== Segment start ==

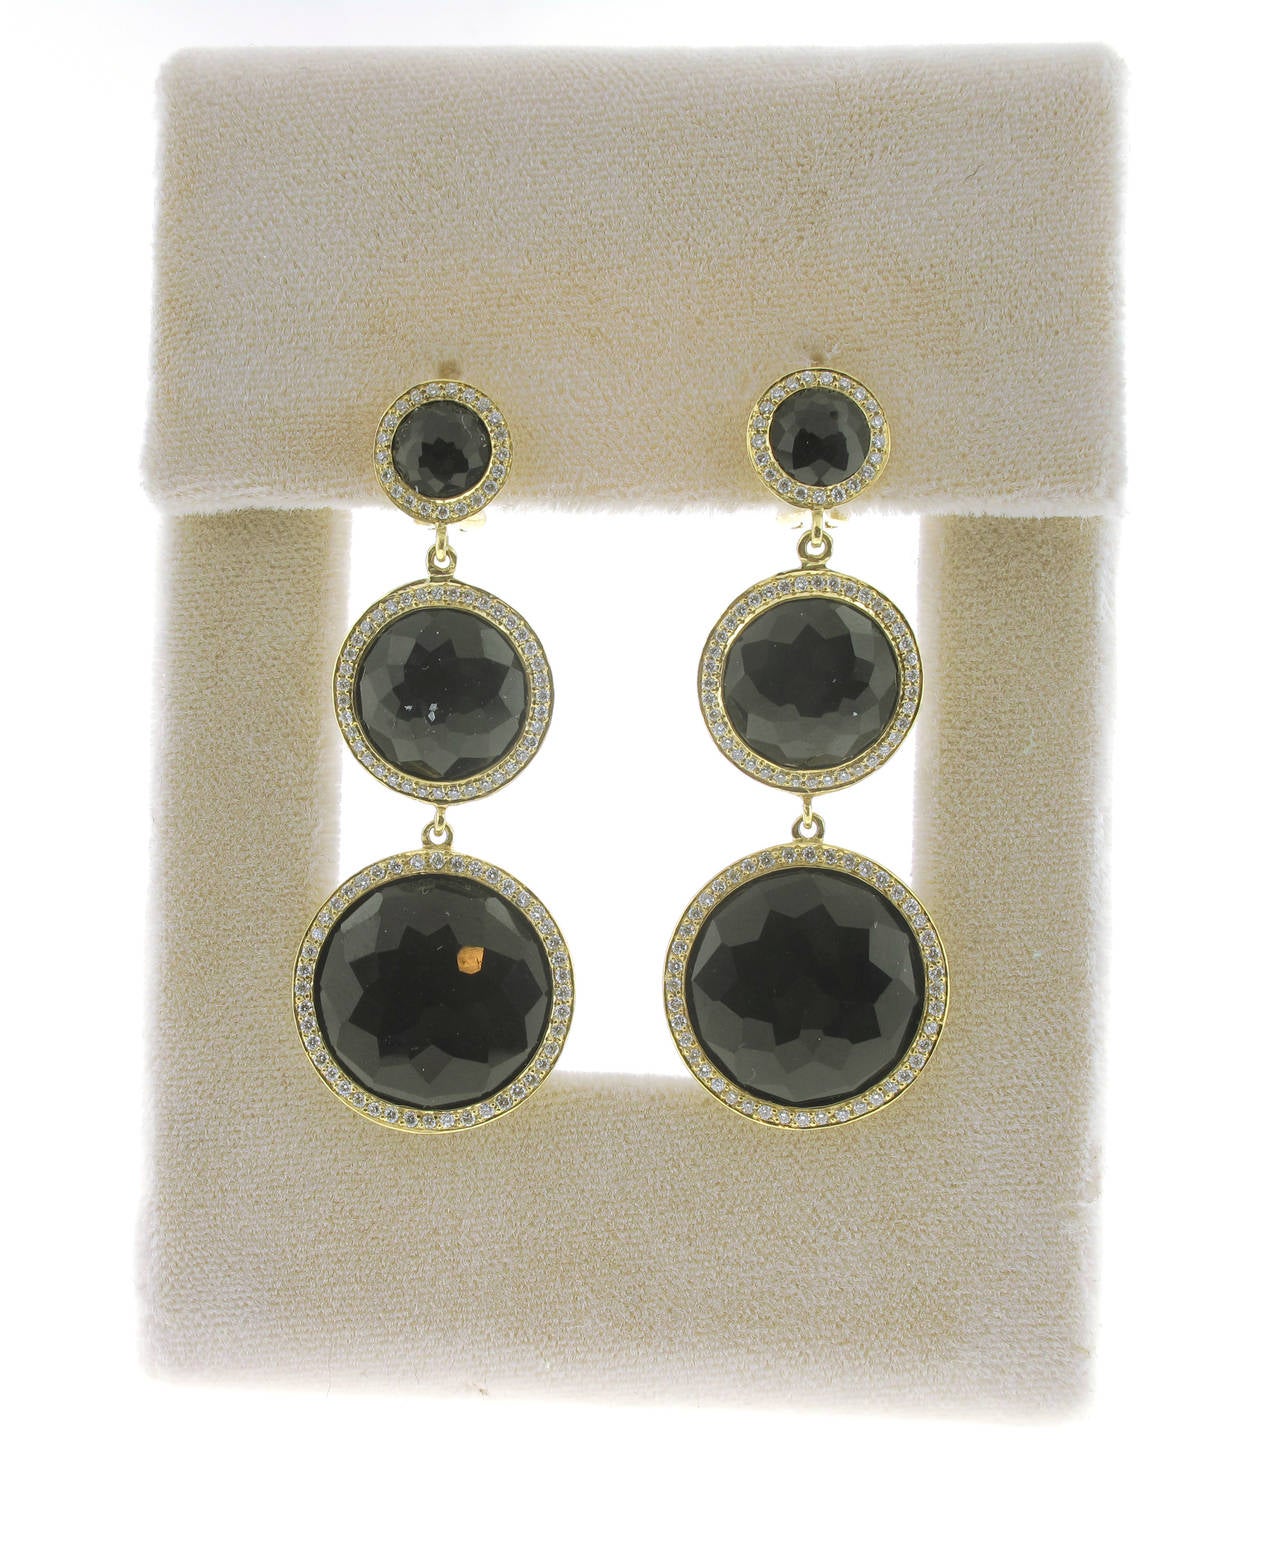 These Ippolita Gold Rock Candy 3-Drop Earrings are made in 18 karat yellow gold and feature 6 
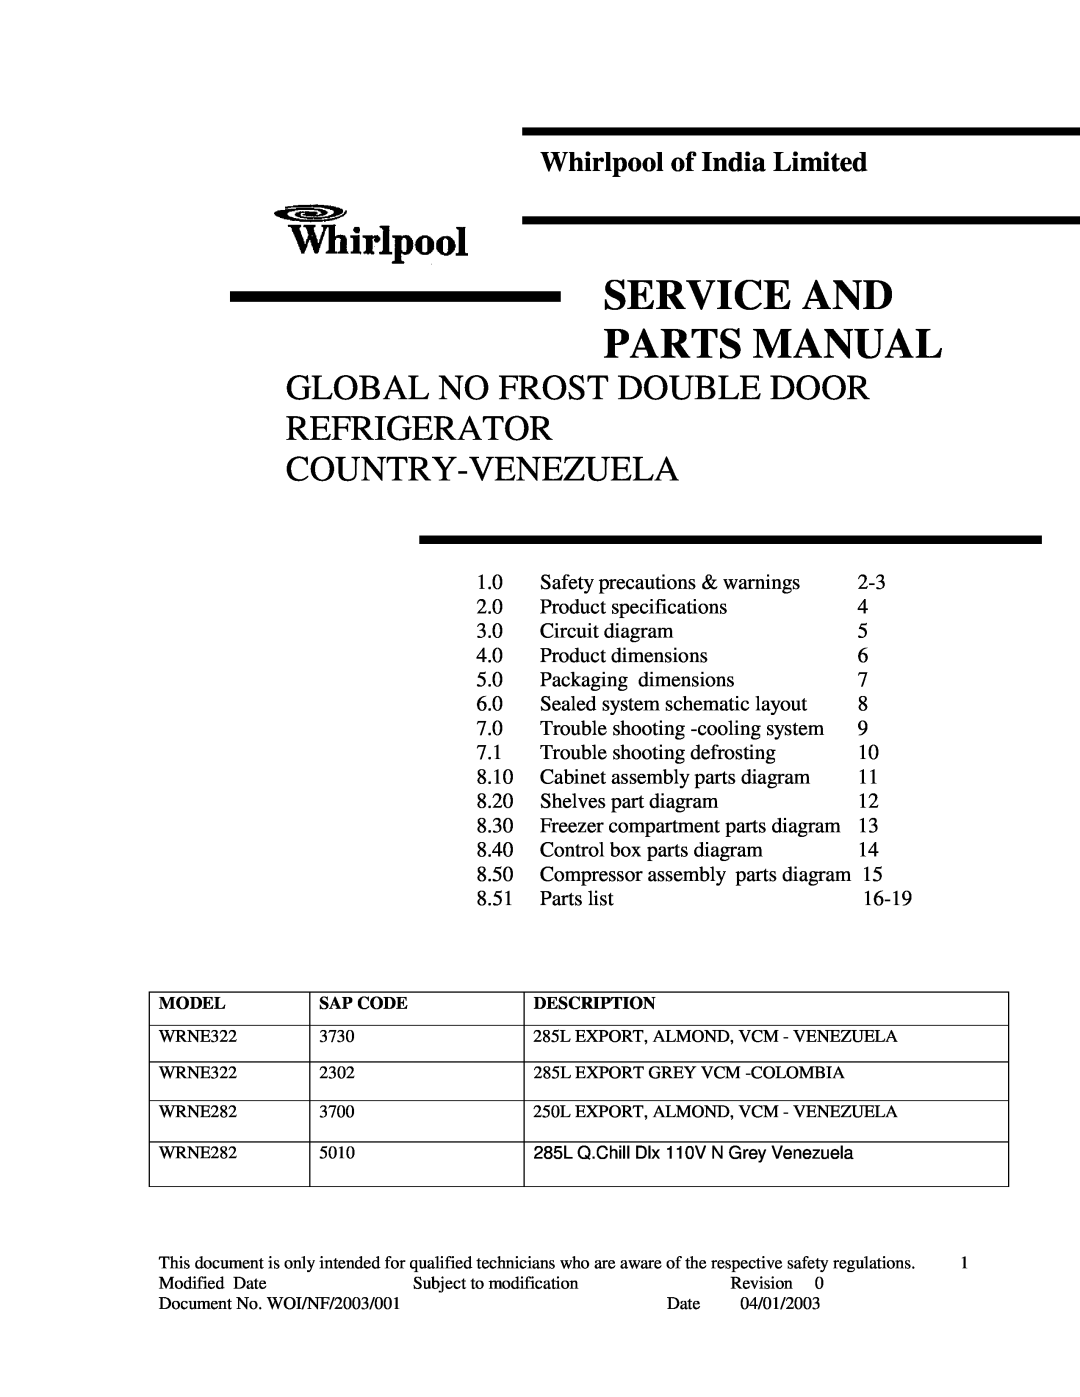 Whirlpool WRNE322 specifications Whirlpool of India Limited, Service And Parts Manual 
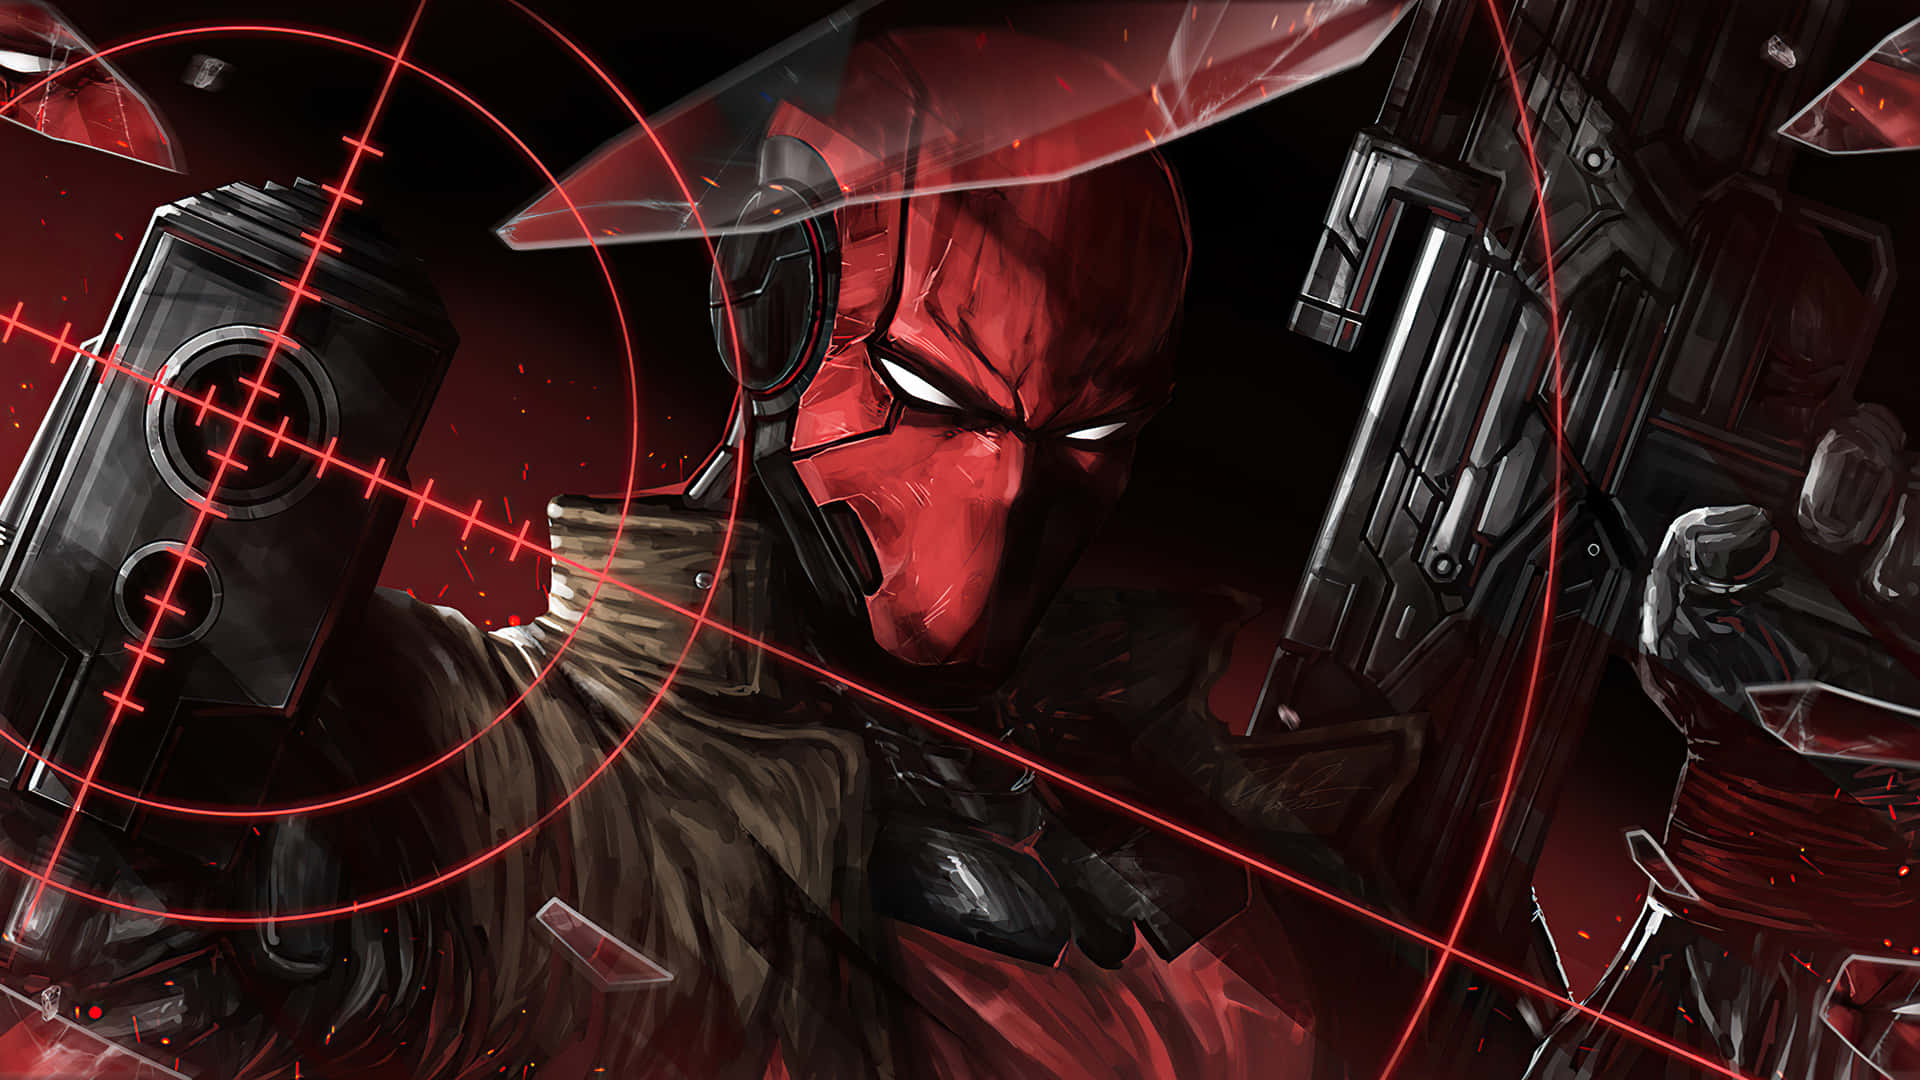 red hood and the outlaws wallpaper

== Segment end ==

## [What the exercise asks]
Exactly as given, transcribe every line of the data, but not its images.

## [Task result]
 These Ippolita Gold Rock Candy 3-Drop Earrings are made in 18 karat yellow gold and feature 6 
 Whirlpool WRNE322 specifications Whirlpool of India Limited, Service And Parts Manual 
 red hood and the outlaws wallpaper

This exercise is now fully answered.